RAW DATA:
BEGIN
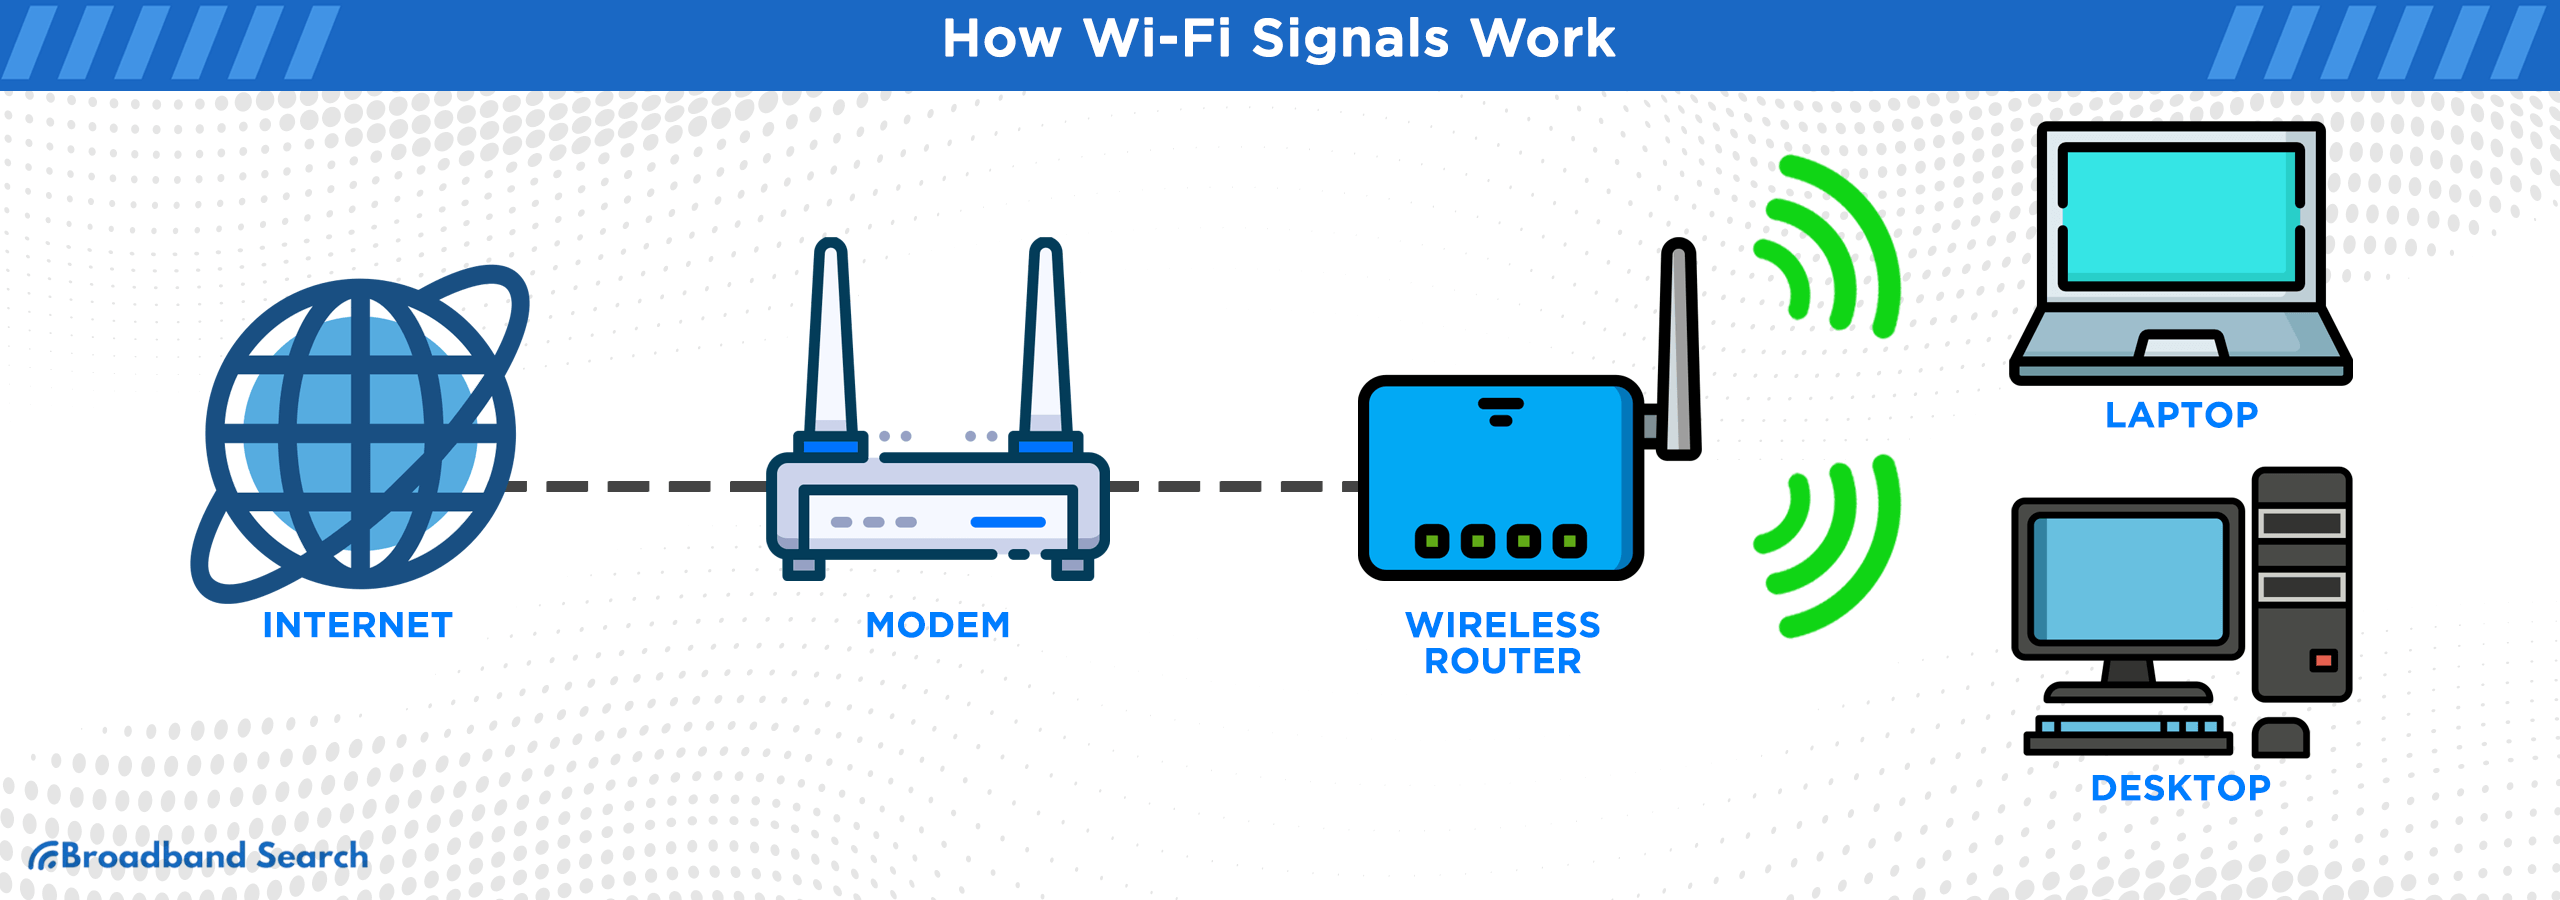 How wi-fi signals work
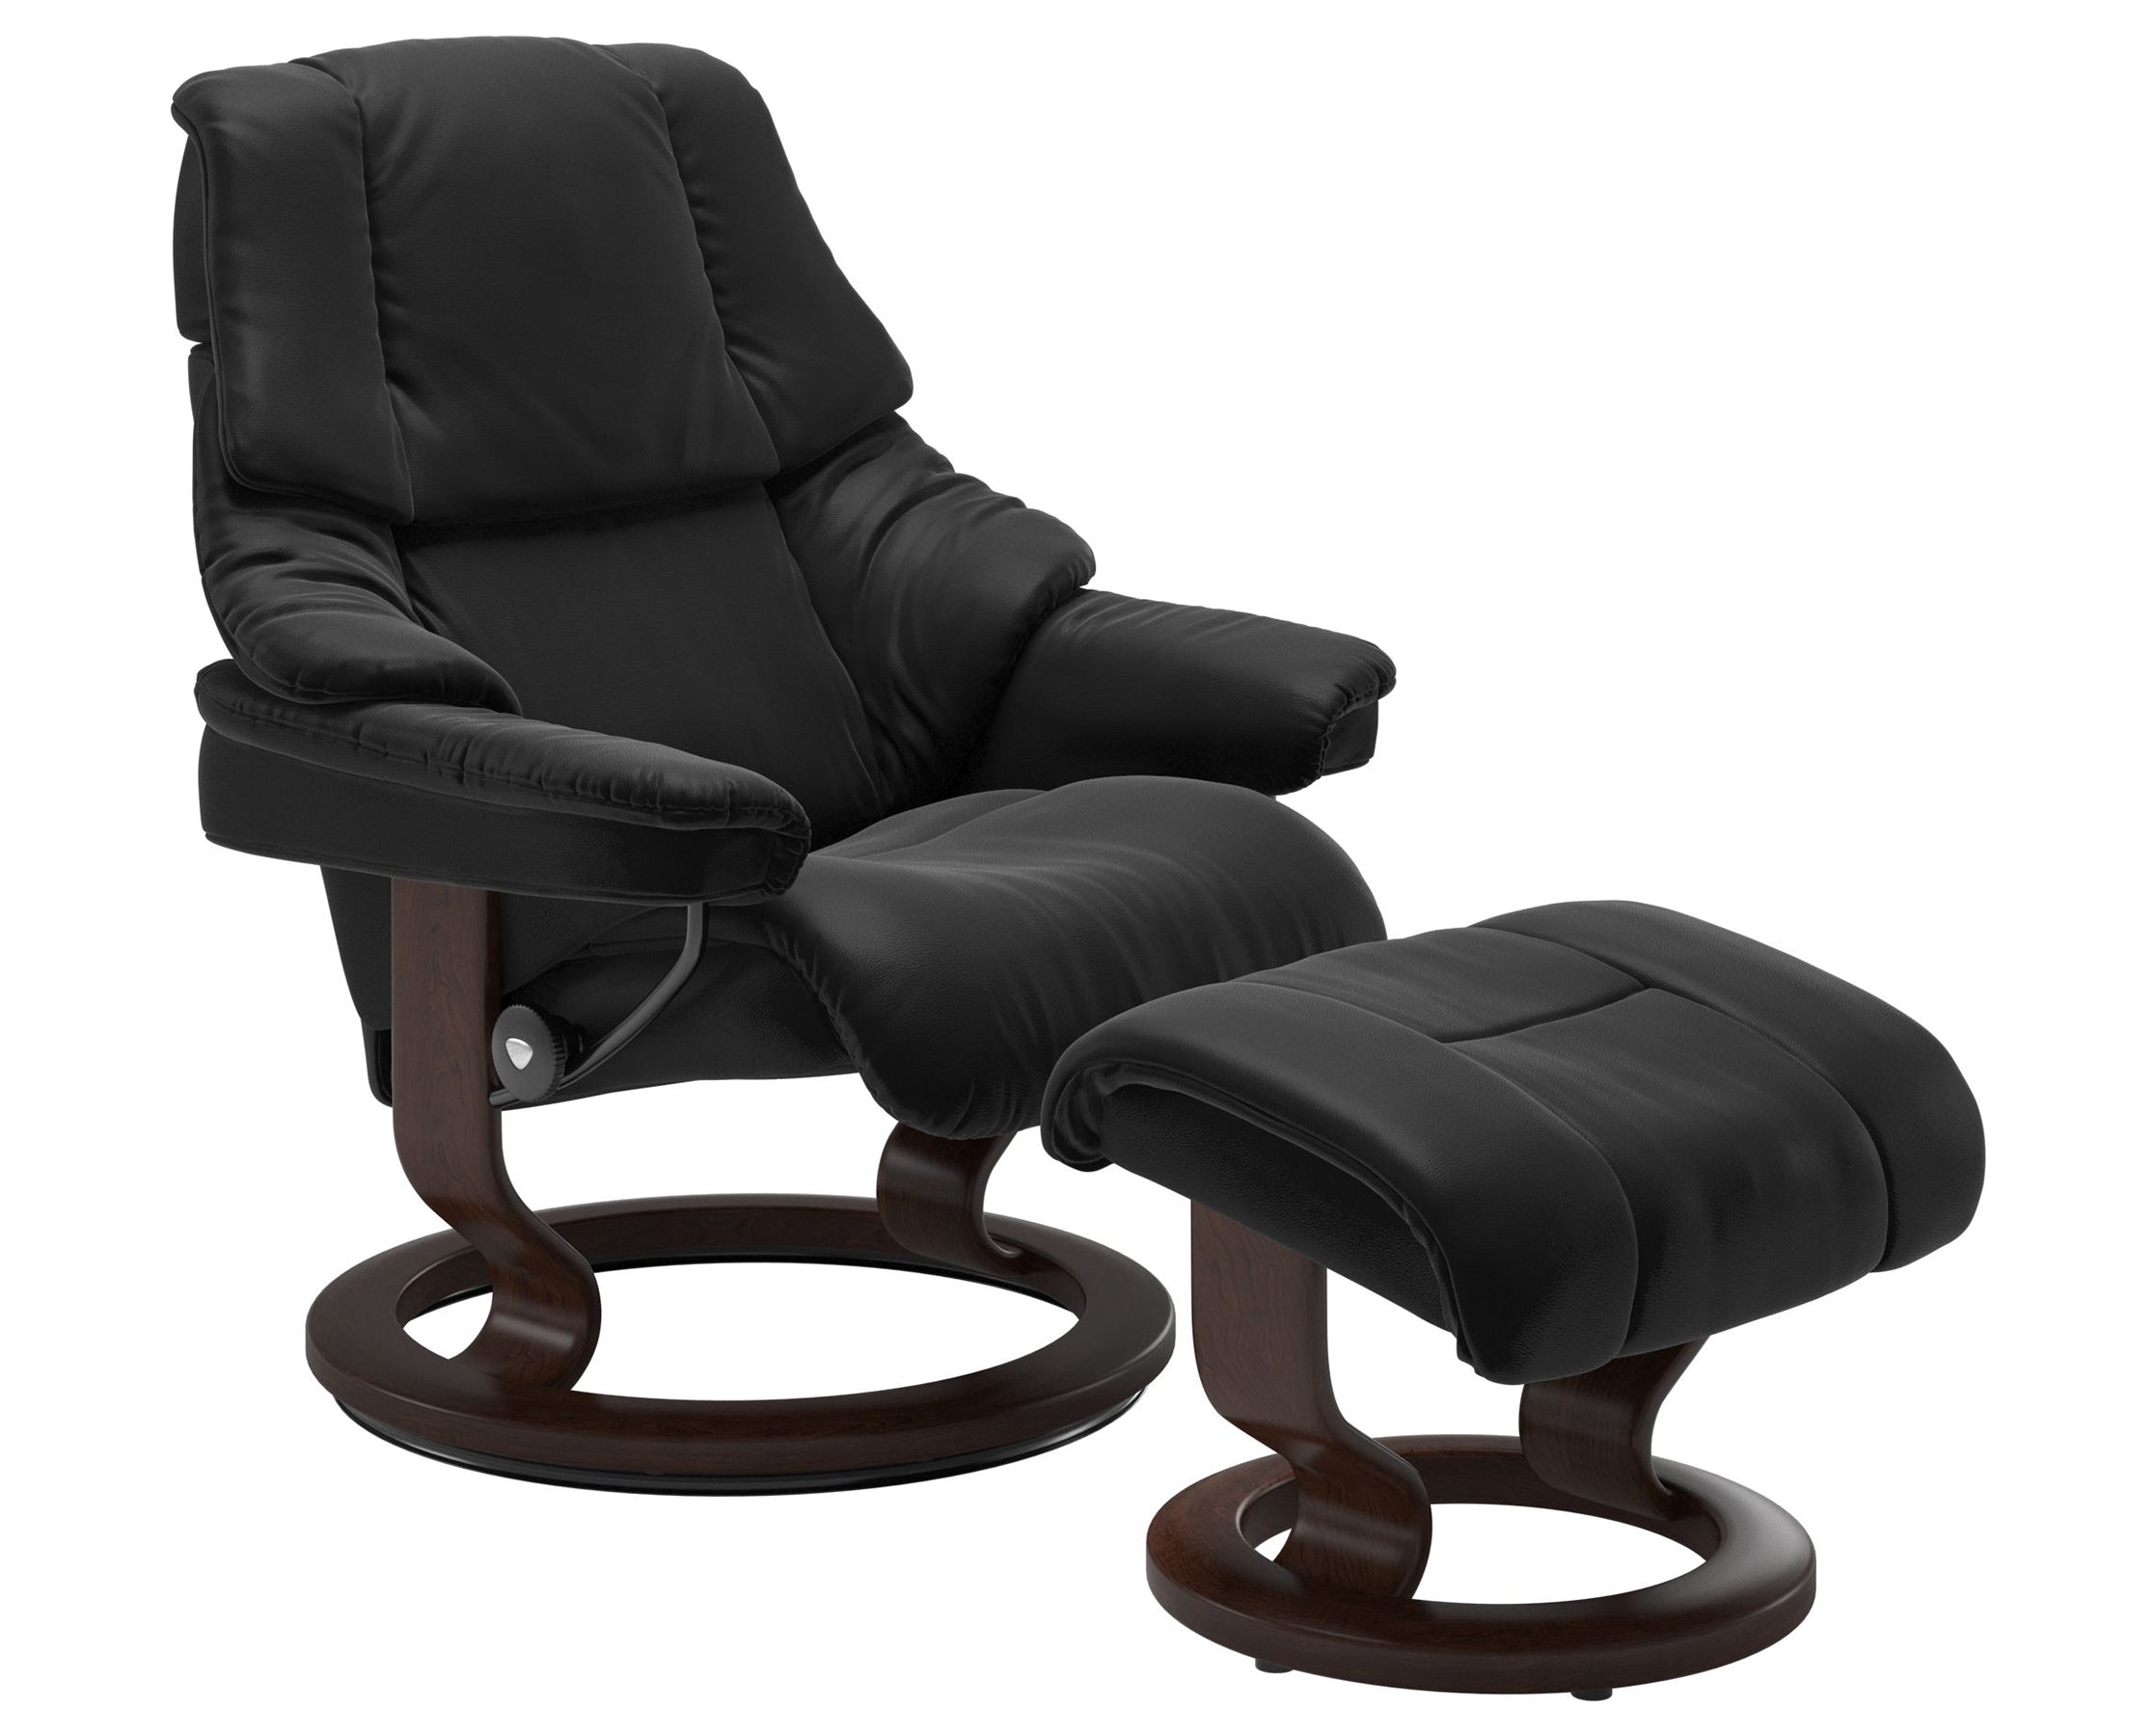 Paloma Leather Black S/M/L and Brown Base | Stressless Reno Classic Recliner | Valley Ridge Furniture
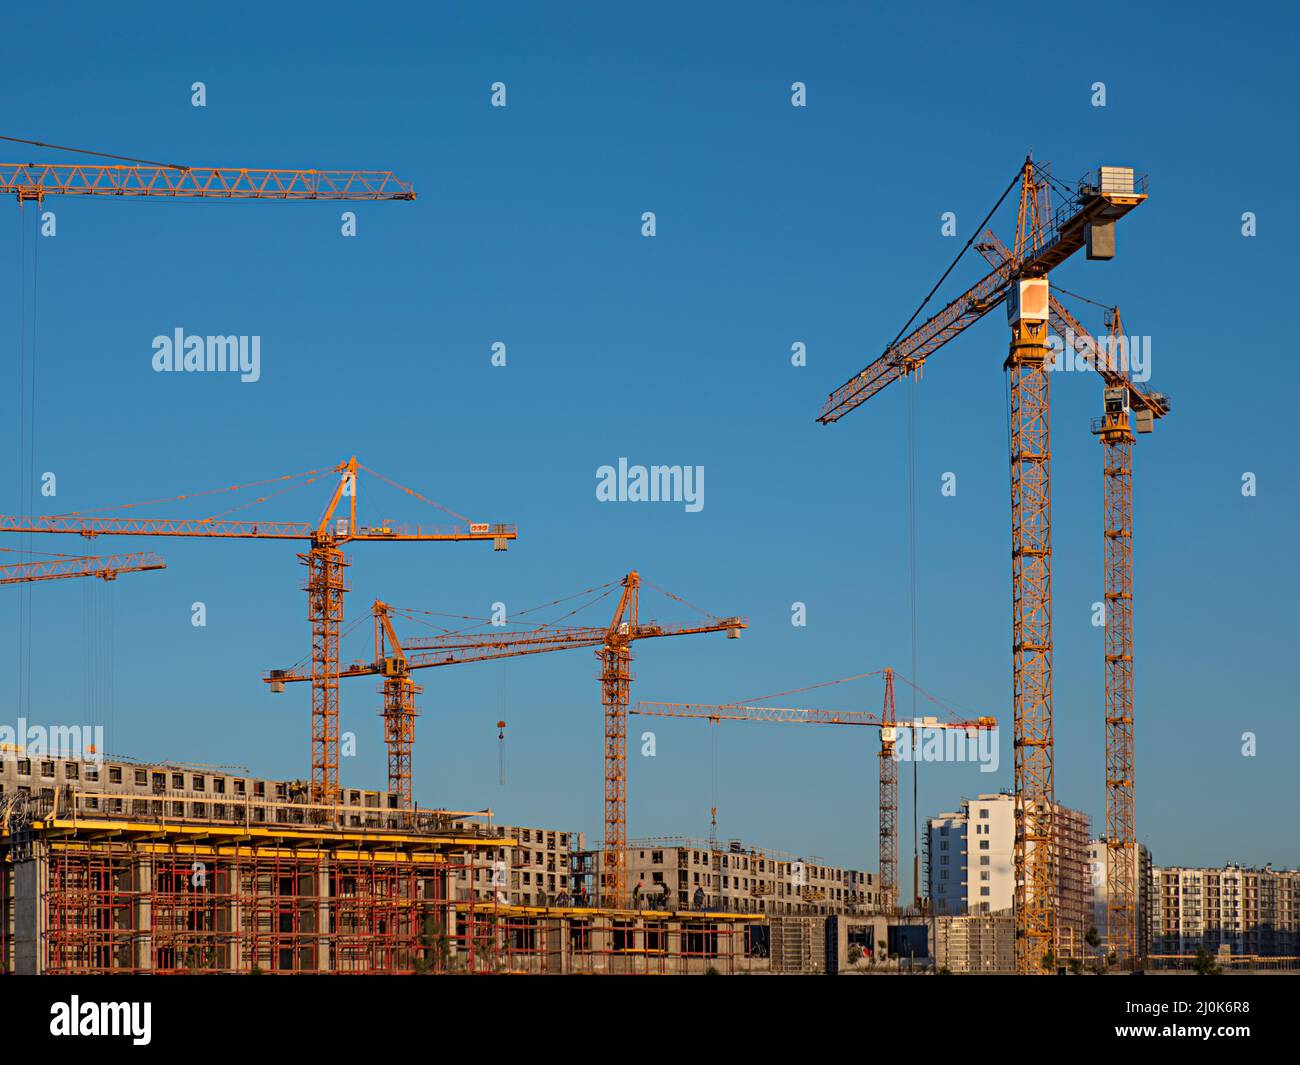 Some tower cranes on background of blue sky and Industrial workers and builders with hardhat in uniform pour concrete at construction site Stock Photo
END
WORK ITEM: Once the pictures are set aside, retype the rest of the listing exactly.

RESPONSE TO THIS EXERCISE:
 How wi-fi signals work
 Paloma Leather Black S/M/L and Brown Base | Stressless Reno Classic Recliner | Valley Ridge Furniture
 Some tower cranes on background of blue sky and Industrial workers and builders with hardhat in uniform pour concrete at construction site Stock Photo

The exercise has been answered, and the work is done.